I'm trying to solve the following Fredholm integral equation of the 2nd kind:
$$u(x)=f(x)+\lambda\int_{0}^{1}x^4y^2u(y)dy, 0<x<1$$ where $f(x)$ is given, $u(x)$ is the unknown function.
This is what I've done so far:
$u(x)=f(x)+ax^4$
$\Rightarrow a=\lambda\int_{0}^{1}y^2u(y)dy=\lambda\int_{0}^{1}y^2[f(y)+ay^4]dy=\lambda\int_{0}^{1}y^2f(y)dy+a\lambda\int_{0}^{1}y^4dy=\lambda\int_{0}^{1}y^2f(y)dy+\frac{a\lambda}{5}$
$\Rightarrow a=\frac{\lambda}{1-\frac{\lambda}{3}}\int_{0}^{1}y^2f(y)dy$
$\Rightarrow u(x)=f(x)+x^4\frac{\lambda}{1-\frac{\lambda}{3}}\int_{0}^{1}y^2f(y)dy$
I'm not really sure where to go from here or even if what I have done so far is correct. If it's correct, how do proceed from here? If it's wrong, what have I done wrong/what should I be doing instead?

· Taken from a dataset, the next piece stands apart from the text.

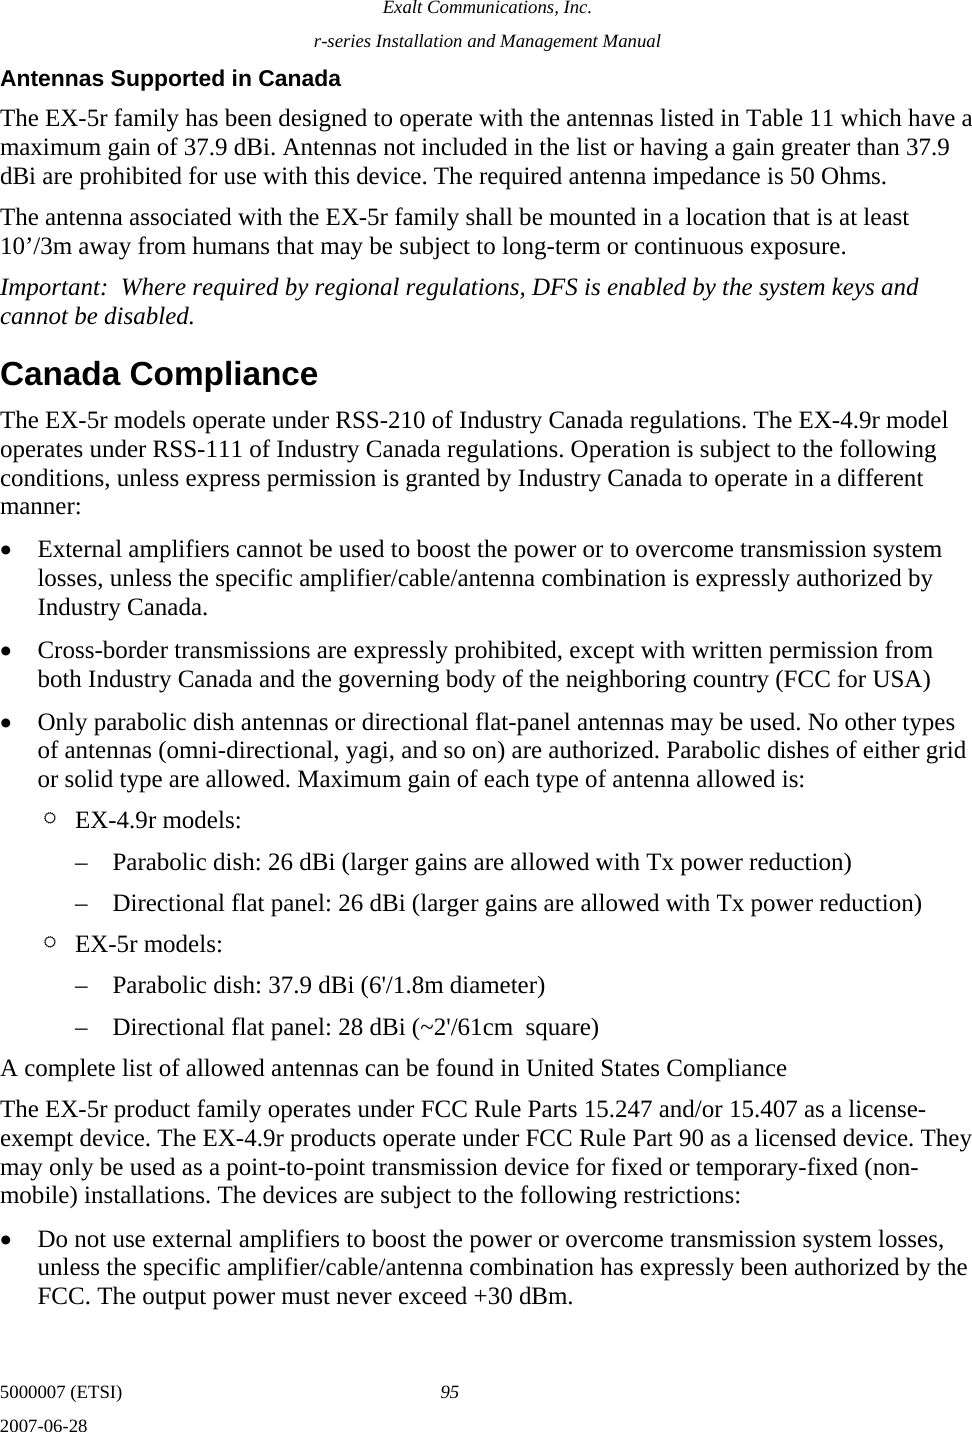 Exalt Communications, Inc. r-series Installation and Management Manual 5000007 (ETSI)  95 2007-06-28  Antennas Supported in Canada The EX-5r family has been designed to operate with the antennas listed in Table 11 which have a maximum gain of 37.9 dBi. Antennas not included in the list or having a gain greater than 37.9 dBi are prohibited for use with this device. The required antenna impedance is 50 Ohms. The antenna associated with the EX-5r family shall be mounted in a location that is at least 10’/3m away from humans that may be subject to long-term or continuous exposure. Important:  Where required by regional regulations, DFS is enabled by the system keys and cannot be disabled. Canada Compliance The EX-5r models operate under RSS-210 of Industry Canada regulations. The EX-4.9r model operates under RSS-111 of Industry Canada regulations. Operation is subject to the following conditions, unless express permission is granted by Industry Canada to operate in a different manner: • External amplifiers cannot be used to boost the power or to overcome transmission system losses, unless the specific amplifier/cable/antenna combination is expressly authorized by Industry Canada. • Cross-border transmissions are expressly prohibited, except with written permission from both Industry Canada and the governing body of the neighboring country (FCC for USA) • Only parabolic dish antennas or directional flat-panel antennas may be used. No other types of antennas (omni-directional, yagi, and so on) are authorized. Parabolic dishes of either grid or solid type are allowed. Maximum gain of each type of antenna allowed is: ¶ EX-4.9r models: – Parabolic dish: 26 dBi (larger gains are allowed with Tx power reduction) – Directional flat panel: 26 dBi (larger gains are allowed with Tx power reduction) ¶ EX-5r models: – Parabolic dish: 37.9 dBi (6&apos;/1.8m diameter) – Directional flat panel: 28 dBi (~2&apos;/61cm  square) A complete list of allowed antennas can be found in United States Compliance The EX-5r product family operates under FCC Rule Parts 15.247 and/or 15.407 as a license-exempt device. The EX-4.9r products operate under FCC Rule Part 90 as a licensed device. They may only be used as a point-to-point transmission device for fixed or temporary-fixed (non-mobile) installations. The devices are subject to the following restrictions: • Do not use external amplifiers to boost the power or overcome transmission system losses, unless the specific amplifier/cable/antenna combination has expressly been authorized by the FCC. The output power must never exceed +30 dBm.

$$u(x)=f(x)+x^4\lambda\int_{0}^{1}y^2u(y)dy\tag 1$$ $$u'(x)=f'(x)+4x^3\lambda\int_{0}^{1}y^2u(y)dy=f'(x)+\frac{4}{x}\big(u(x)-f(x)\big)$$ $$u'(x)-\frac{4}{x}u(x)=f'(x)-\frac{4}{x}f(x) \tag 2$$ $f'(x)-\frac{4}{x}f(x)$ is a known function.
Eq.$(2)$ is a first order linear ODE. I suppose that you can take it from here.